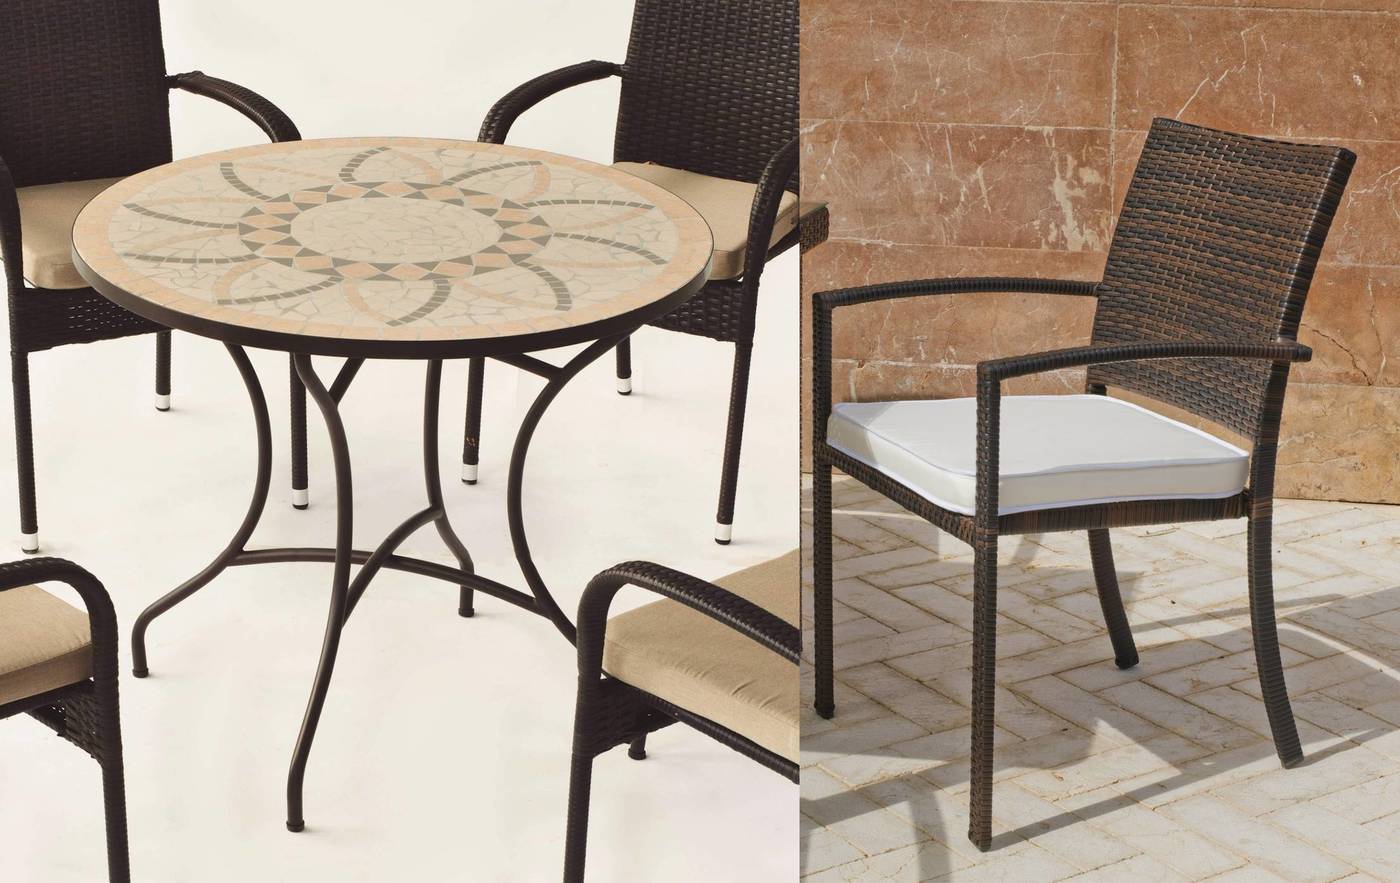 Conjunto de forja color marrón: mesa con tablero mosaico de 90 cm + 4 sillones de ratán sintético con cojines.
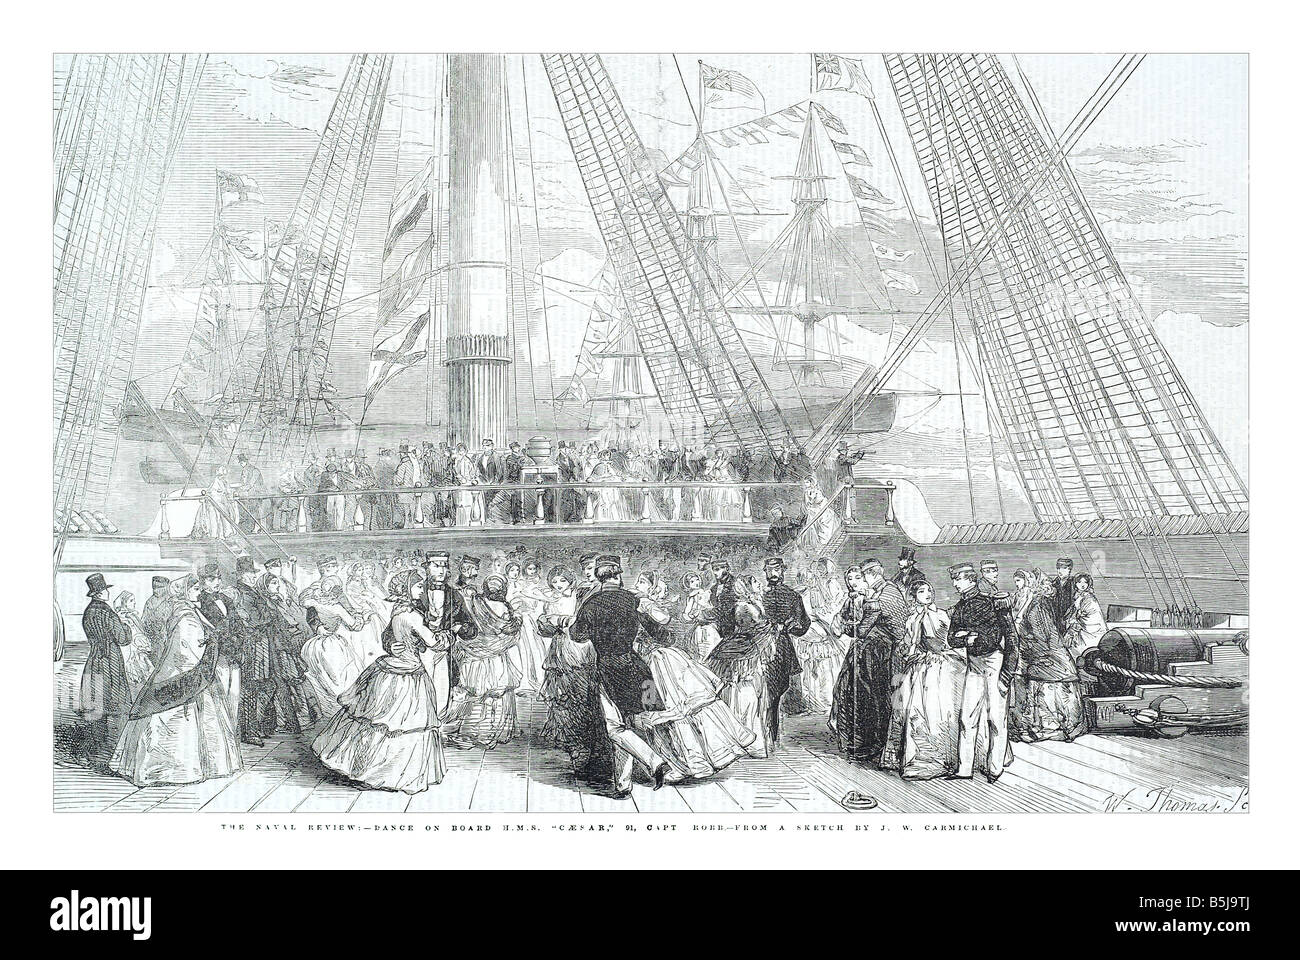 Die Flottenparade tanzen an Bord H M S Caesar 91 Capt Robb aus einer Skizze von J W Carmichael 3. Mai 1856 die Illustrated London News Stockfoto
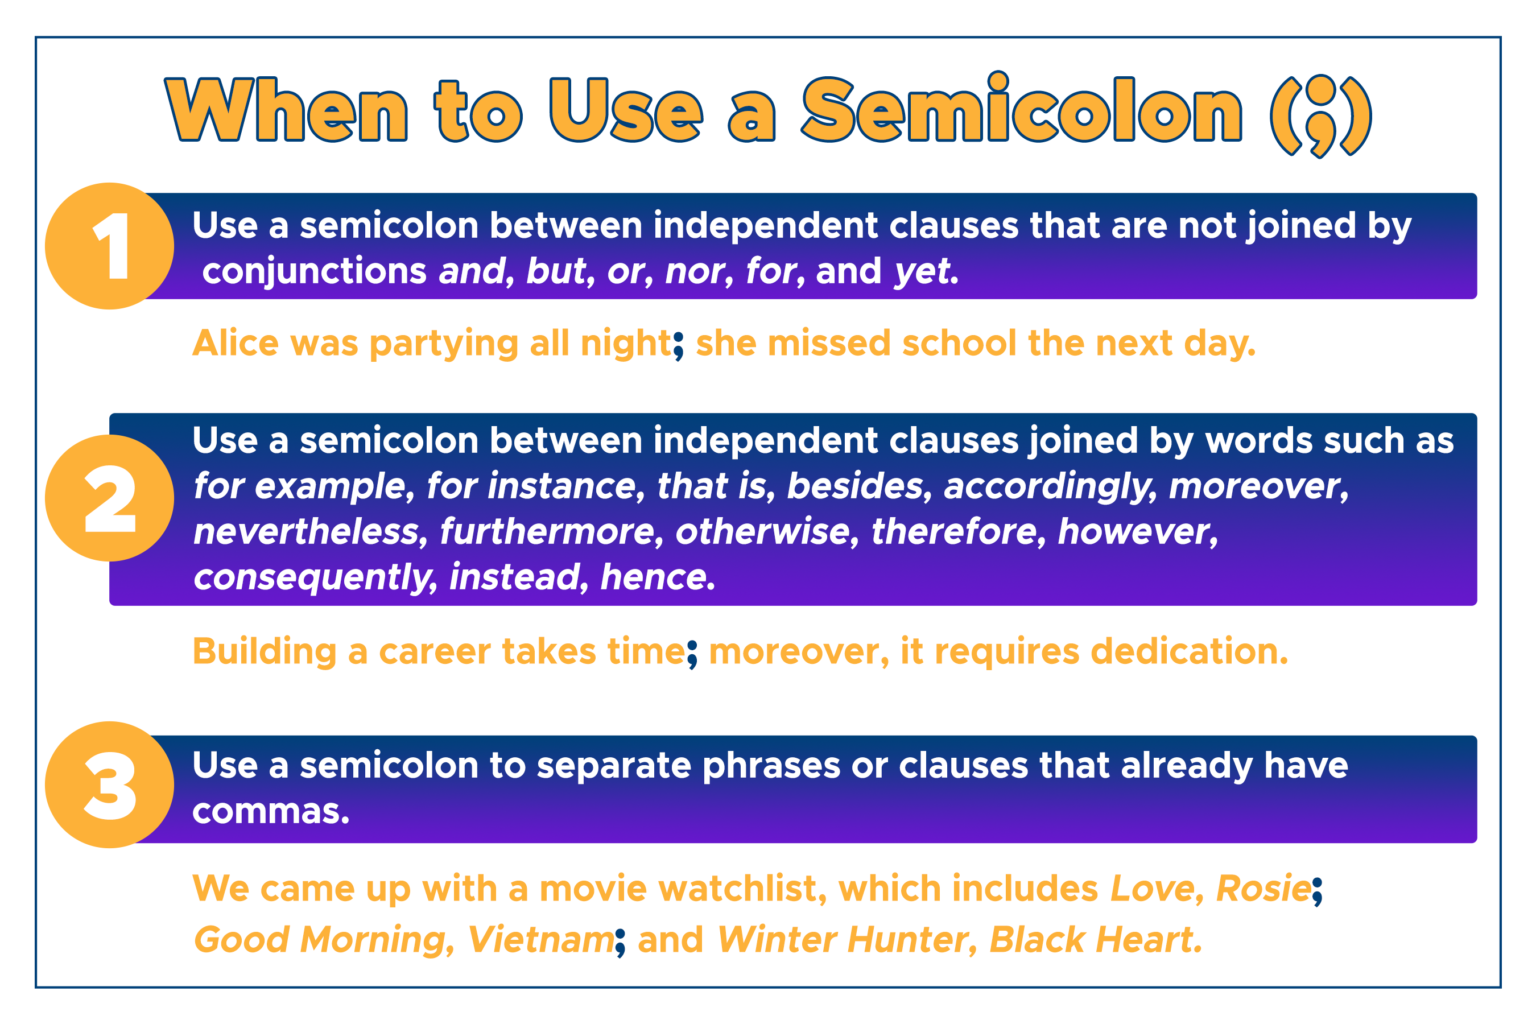 When Do We Use A Semicolon In Compound Sentences

Exercise description -
Repeat only the lines from the one with "Die Flottenparade tanzen" through the end of the data, both included and exactly as written. Pictures stay out of the copy.

Reply to the task -
 Die Flottenparade tanzen an Bord H M S Caesar 91 Capt Robb aus einer Skizze von J W Carmichael 3. Mai 1856 die Illustrated London News Stockfoto
 When Do We Use A Semicolon In Compound Sentences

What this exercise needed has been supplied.